Good morning, Kyiv Post readers. Here’s your Morning Memo for May 11 to get you up to speed on events in Ukraine:
1. After a Ukrainian counterattack yesterday by Azov’s 3rd Separate Assault Brigade on its southwestern outskirts, the battle of Bakhmut appears at a new level of intensity and fluidity. However, there are mixed reports about what may happen next.
Colonel-General Oleksandr Syrsky, Ukraine’s highest ranking infantry commander, said in his Telegram page that “we carried out effective counterattacks… The enemy... retreated to a distance of up to two kilometers.”
There were 28 engagements and 524 enemy strikes recorded in the Bakhmut zone over the last 24 hours, according to the Ukrainian military’s official spokesman for eastern operations, Serhiy Cherevaty.
When asked about statements by PMC Wagner Group leader Yevgeny Prigozhin about a possible tactical withdrawal and ammunition shortages, Cherevaty noted: “Now, [Prigozhin] has to frame the failure to achieve what he promised.”
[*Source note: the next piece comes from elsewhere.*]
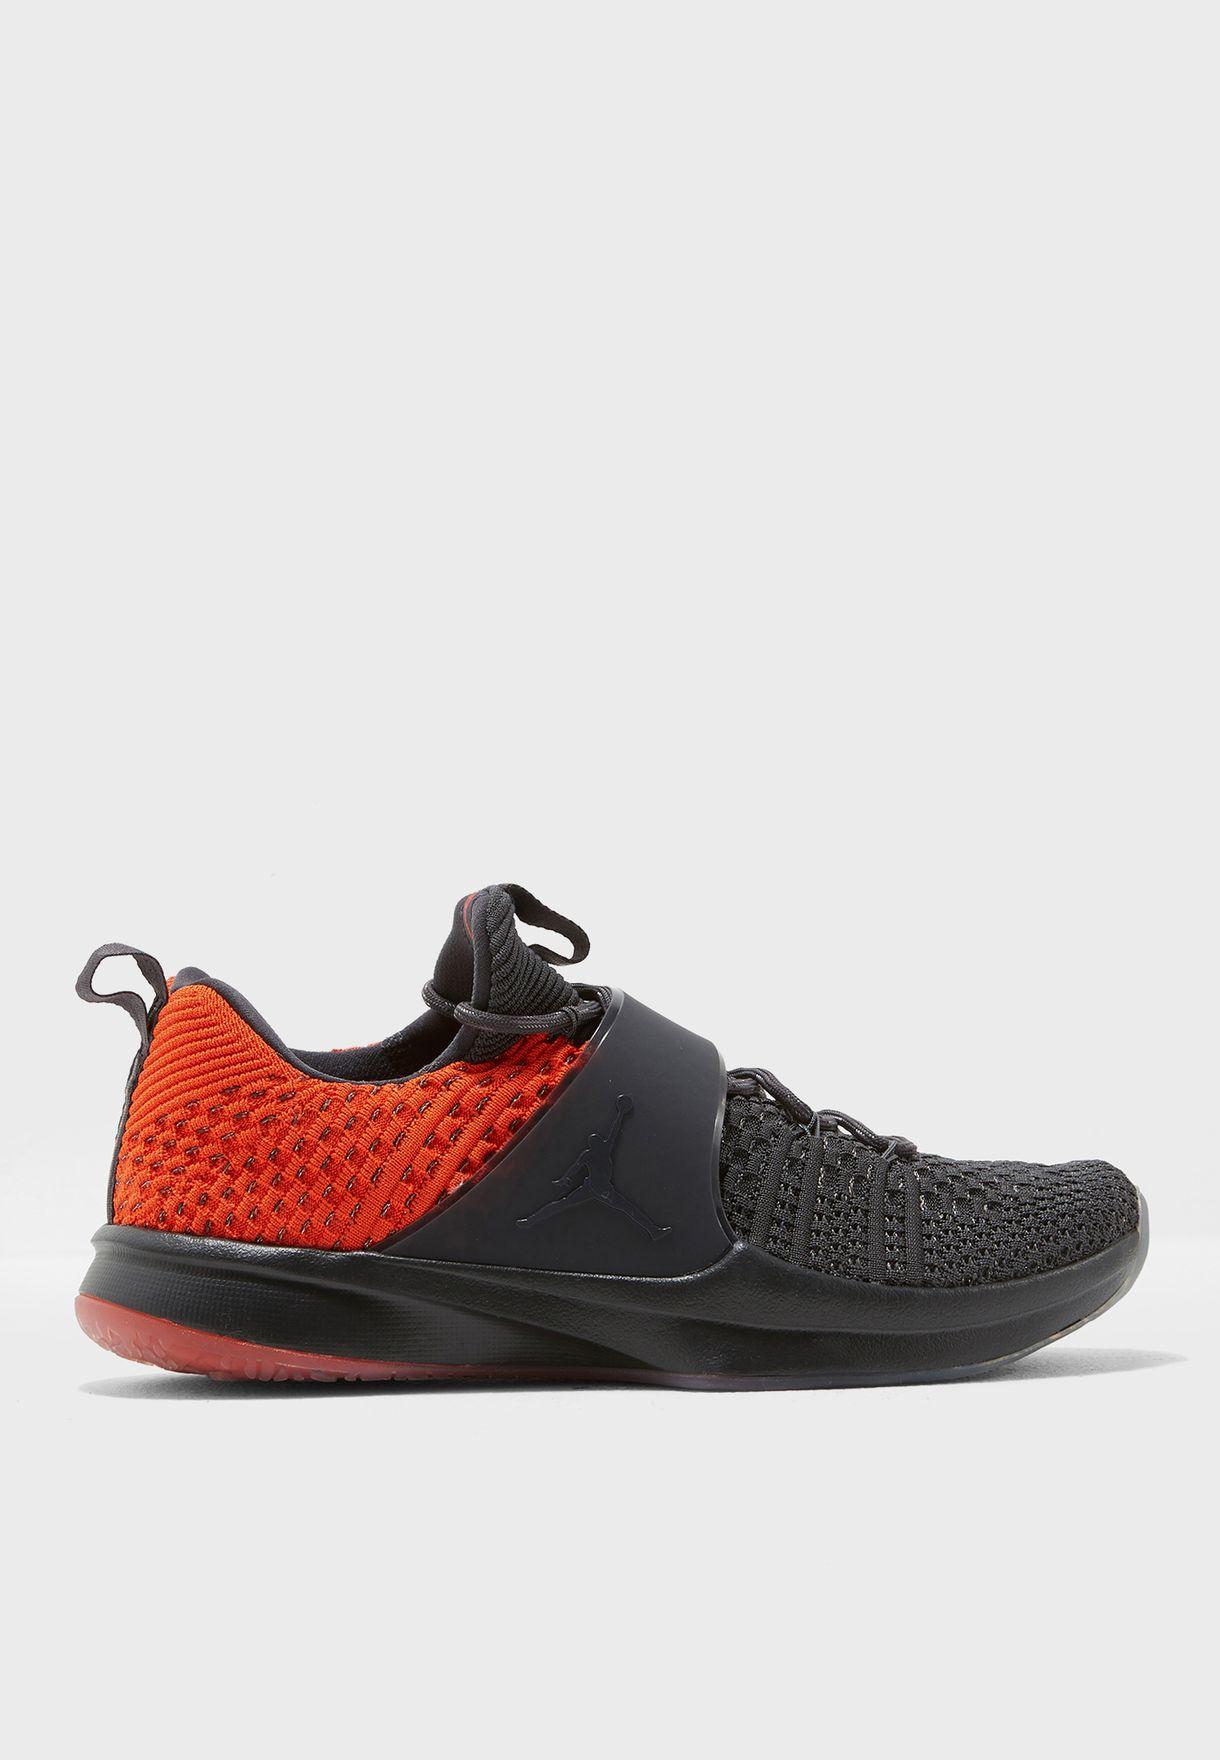 outlet store c1551 3fedf Shop Nike multicolor Jordan Trainer 2 Flyknit 921210-012 for Men in ...

However, senior American intel officials told Politico that Wagner continues to hold significant stockpiles of ammunition, maintains control of at least 85 percent of Bakhmut, “appears intact” and is not preparing for a retreat.
2. For the first time, proceeds from confiscated Russian assets are being handed over to Ukraine to meet reconstruction costs, according to Reuters.
After the US Justice Department charged and convicted Russian oligarch Konstantin Malofeyev with violating sanctions by funding separatists in Crimea, it will now transfer $5.4 million of his money to Ukraine.
“While this represents the United States’ first transfer of forfeited Russian funds for the rebuilding of Ukraine, it will not be the last,” US Attorney General Merrick Garland said yesterday.
3. Former President Donald Trump said that, if he were to be re-elected, he would settle the war in Ukraine within 24 hours.
During a “town hall” interview with CNN in New Hampshire, the front-runner for the Republican Presidential nomination would not say who should prevail in Russia’s war against Ukraine. Instead, he said he wants “everybody to stop dying” and “I’ll have that done in 24 hours.”
Trump also would not commit to continued military aid for Ukraine. He also would not say if he supports Russian President Vladimir Putin standing trial for war crimes. Instead, he called Putin “a smart guy” who had “made a tremendous mistake.”
The May 10 daily report from the Institute for the Study of War (ISW) says:
· north of Khromove (immediately west of Bakhmut) and northwest of Bila Hora (14 kilometers southwest of Bakhmut) and made marginal advances in these areas. (However, ISW noted that it had not yet visually confirmed reports of wider Ukrainian claimed advances of 2.6 kilometers along a 3-kilometer front line in the area).
The May 11 daily morning report and Facebook feed of the General Staff of the Armed Forces of Ukraine says:
· Russian forces launched a S-300 missile strike at civilian infrastructure in Kostyantynivka, Donetsk oblast.
· Russian forces launched 45 air strikes and 53 MLRS attacks at Ukrainian troops and various settlements in Kherson Oblast in Ukraine’s south.
· Russia continues to focus its main efforts on Lyman, Bakhmut, Avdiivka, and Maryinka axes, with 39 enemy attacks repelled. The fiercest fighting is for the cities of Bakhmut and Maryinka.
The Sumy Oblast Military Administration reported that six communities were shelled on May 10, including 65 mortar and artillery strikes. One person was killed in Pavlivka.
During his evening video message, President Zelensky focused on securing more allied support:
“Our international bloc is working vigorously and thoroughly with [our] partners on new defense packages for Ukraine. New decisions are already at the working level. More protection for our skies, more opportunities for our defense and movement on the ground.”
Quote of the Day
“If we signal to the world that we have only got about eighteen months’ worth of staying power, then we create a more dangerous environment for the future. That’s why [Ukraine now] is so very important… If we’re saving stuff up for a rainy day, this is the rainy day.” – UK Foreign Secretary James Cleverly at Atlantic Council event on Tuesday, May 9.
Pic of the Day
US rock band Imagine Dragons yesterday released a music video filmed in Ukraine.
“Our video for Crushed, filmed on the front lines of Ukraine, is out now,” the blurb for the YouTube clip said. “It follows Sasha, a young boy who endured months of shelling in his town. Sasha’s story is heartbreaking, and there are thousands more like him who desperately need help. Even today, his family is without electricity and other basic utilities.”